RCA also ordered filings so that it could set rates for 2001 and subsequent years.

The commission noted that this was the first time in 20 years that a regulatory agency has reviewed rates charged for consistency with statutory standards. TAPS rates before 1996 were determined according to the 1985 settlement methodology and based on confidential reports.

State wants to be a participant

Gov.
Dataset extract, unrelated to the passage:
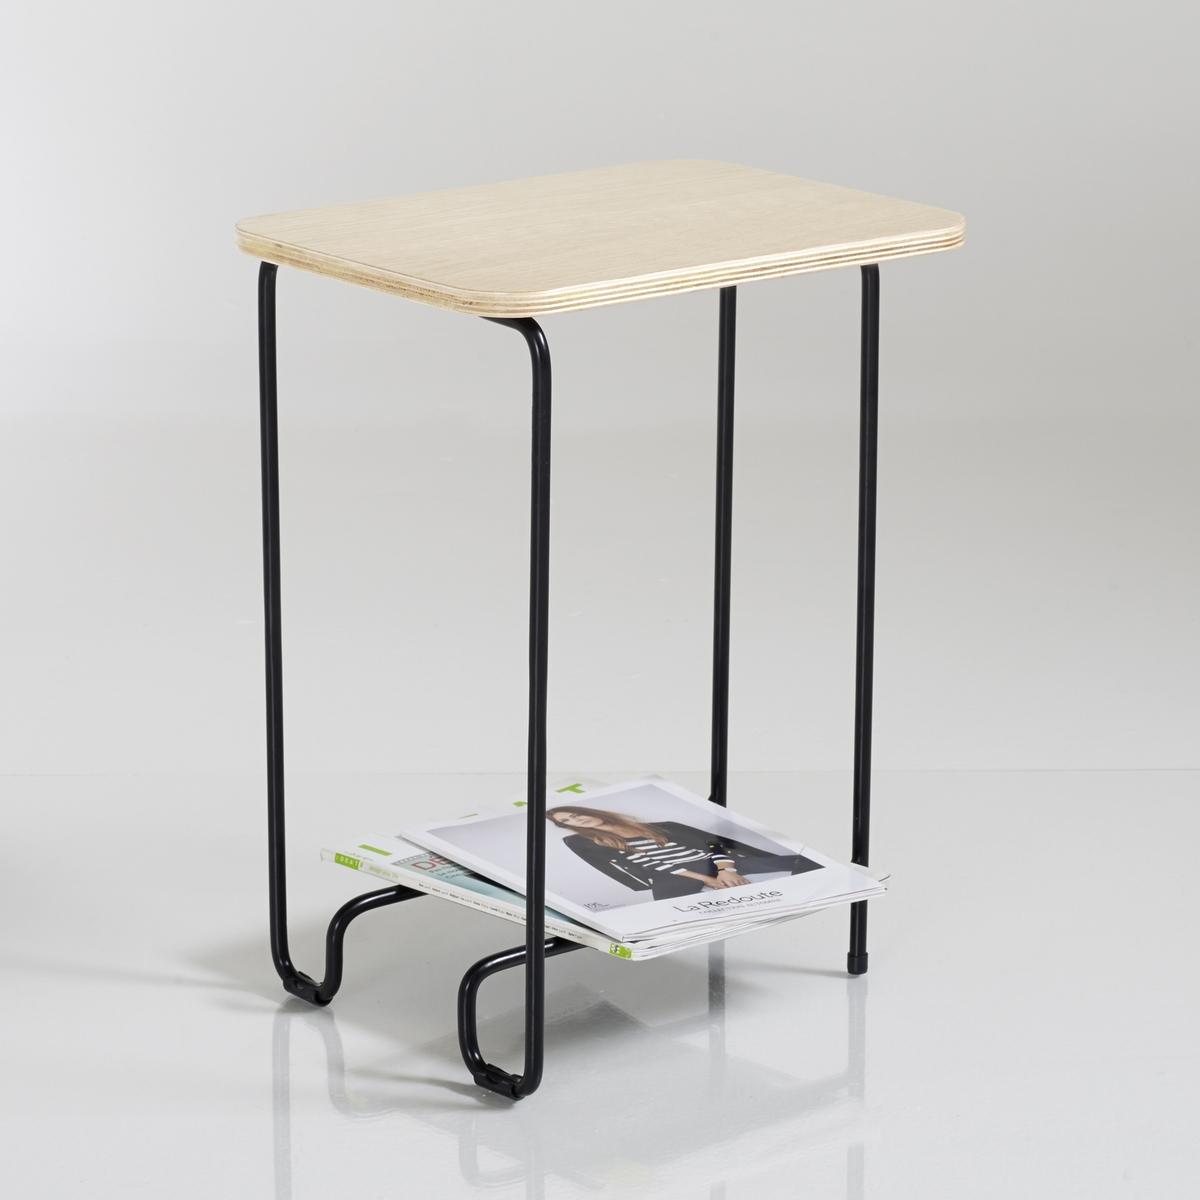 La Redoute Interieurs Столик диванный или журнальный, Kuri

Frank Murkowski and Attorney General Gregg Renkes said the Murkowski administration’s appeal of the state agency’s decision is “narrowly focused to target important policy issues of concern to the state,” including “the need for the state to be a full participant in cases that have a significant effect on the future of the state; protection of the state’s ability to negotiate settlements with industry to increase fiscal certainty for all parties; assurance that the intrastate tariff structure is consistent with antitrust laws and can be reconciled with federal tariff requirements; and protection of the state from the adverse financial consequences that may result from the decision.”

During the RCA proceedings, the Knowles’ administration also supported the carriers’ position, asserting “that public policy concerns also support preserving the settlement.” RCA said the state described its position as “ensuring that this case does not affect the validity or enforceability of the settlement,” while protecting the state’s ability to make oil pipeline settlements within the jurisdiction of RCA and protecting the state’s economic interests.

Far-reaching effects

Anchorage attorney Robin Brena, who represents Tesoro in regulatory matters, told Petroleum News Alaska in late January that if the courts and the Federal Energy Regulatory Commission ultimately agree with RCA’s methodology for establishing rates and it is applied to both interstate and intrastate TAPS tariffs, it could impact all TAPS tariffs from 1977 through the life of pipeline.

The issue has not been brought before FERC, but if the refiners prevail in court, they are expected to take it to the federal agency and ask for a similar reduction in interstate rates, which FERC has jurisdiction over.

Brena said the intrastate shipping rates have not been adjusted in years, and that they are not in sync with more competitive interstate rates set by FERC.

Meyers said RCA decision “disappointing”

ConocoPhillips Alaska President Kevin Meyers called RCA’s decision “disappointing.”

“The industry and the state had an agreement on how we would do TAPS tariffs,” Meyers told PNA Jan. 27.

“All parties were equally satisfied or dissatisfied when the deal was put in place,” he noted. Brena said it may take three years of appeals to state Superior Court before the case in all likelihood reaches the Alaska Supreme Court for a decision.

The current agreement between the state and TAPS owners continues through 2011. Talks on a renegotiated tariff must be started by the state in 2007 and concluded by 2009, according to the 1985 settlement.